* Task instructions *
Once the pictures are set aside, transcribe the remaining data exactly.

* Data shown *
-- Opening Marker --

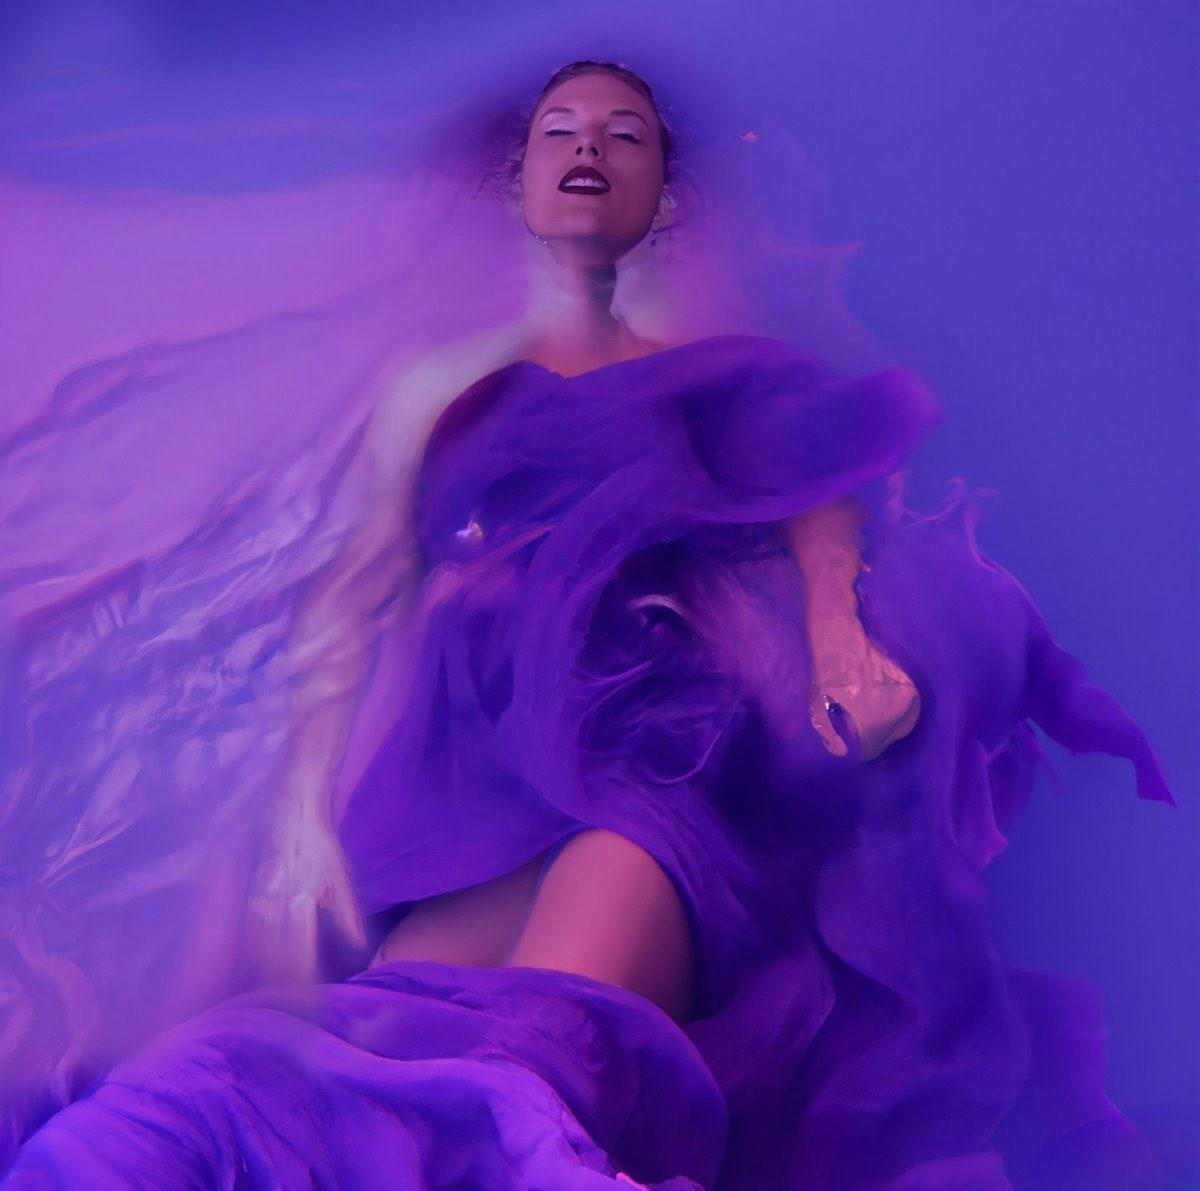 Opinion: Taylor Swift's 'Lavender Haze' music video hints to other projects
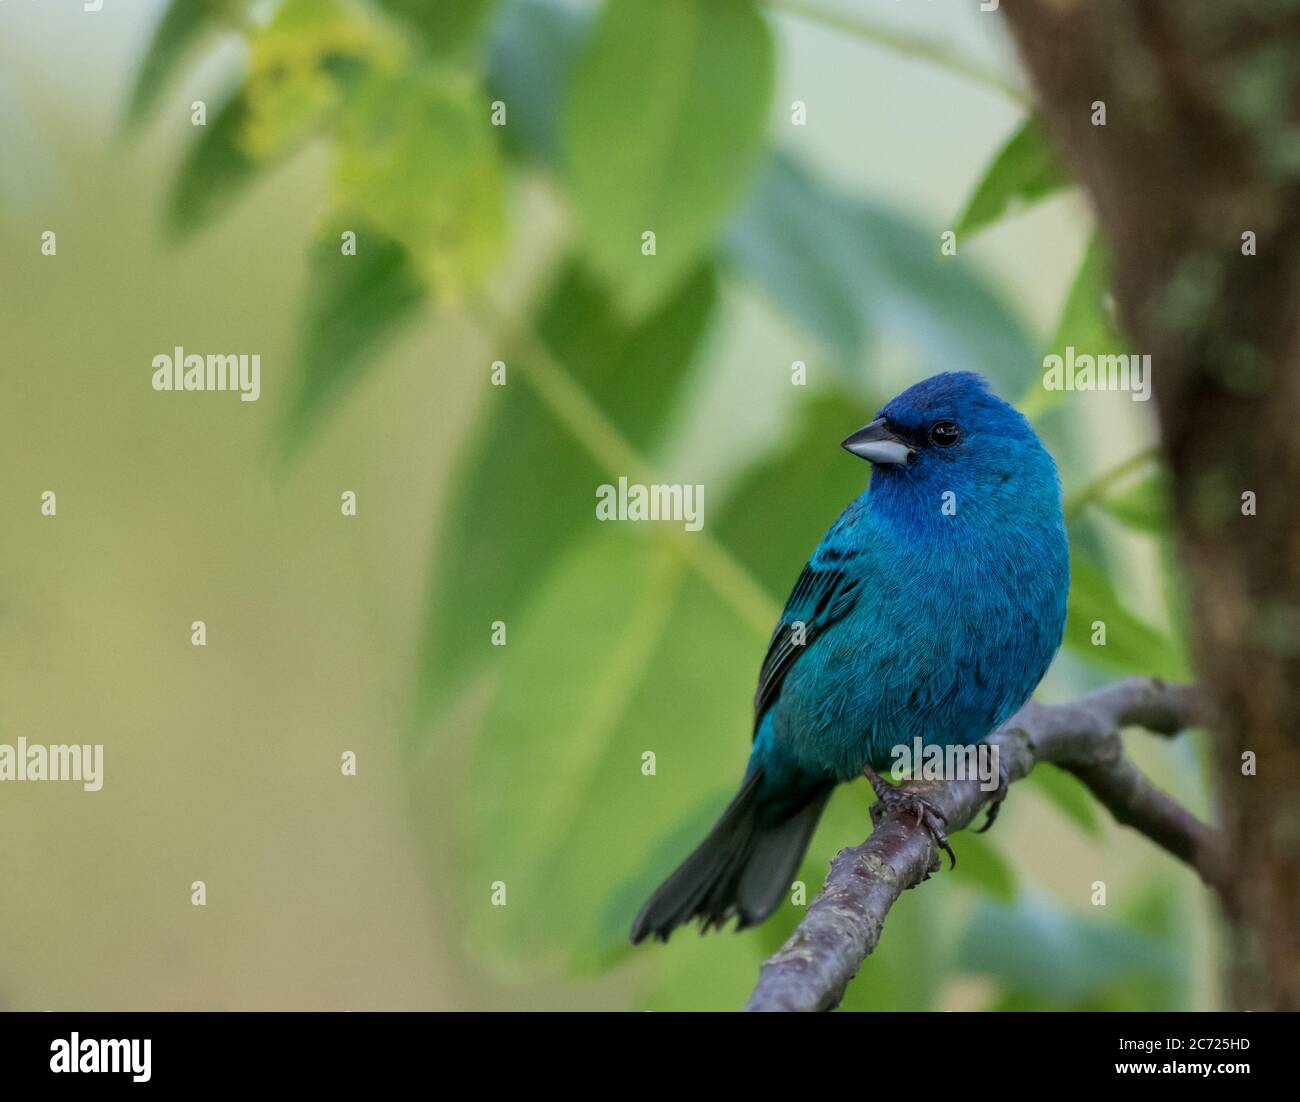 Indigo Bunting (Passerina cyanea) perched on branch soft green leaves background Stock Photo
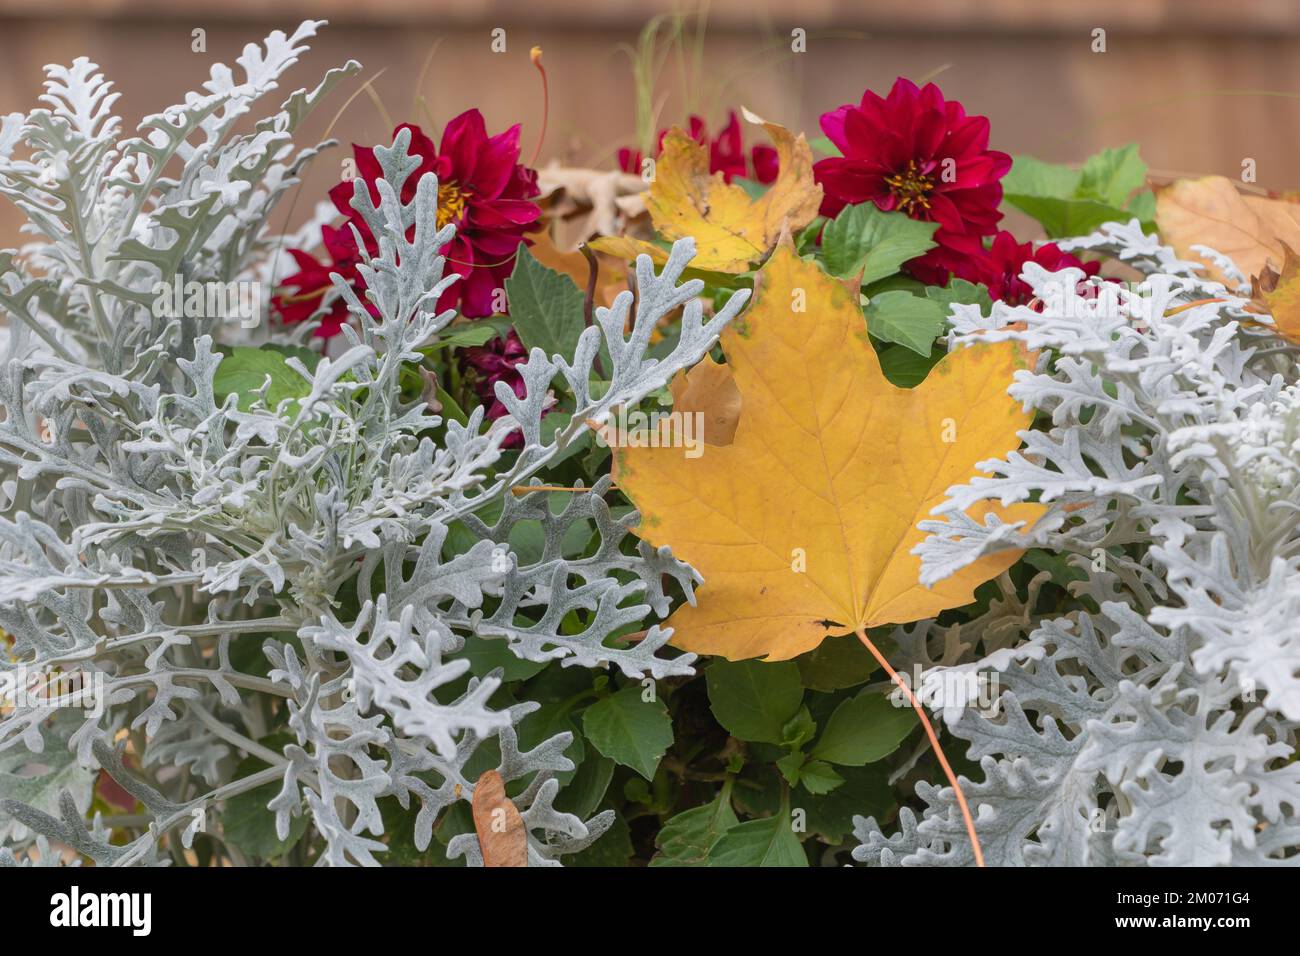 A yellow maple leaf fallen between Jacobaea maritima plant and a red flower in autumn Stock Photo

-- Closing Marker --

* Worked solution *
 Opinion: Taylor Swift's 'Lavender Haze' music video hints to other projects
 Indigo Bunting (Passerina cyanea) perched on branch soft green leaves background Stock Photo
 A yellow maple leaf fallen between Jacobaea maritima plant and a red flower in autumn Stock Photo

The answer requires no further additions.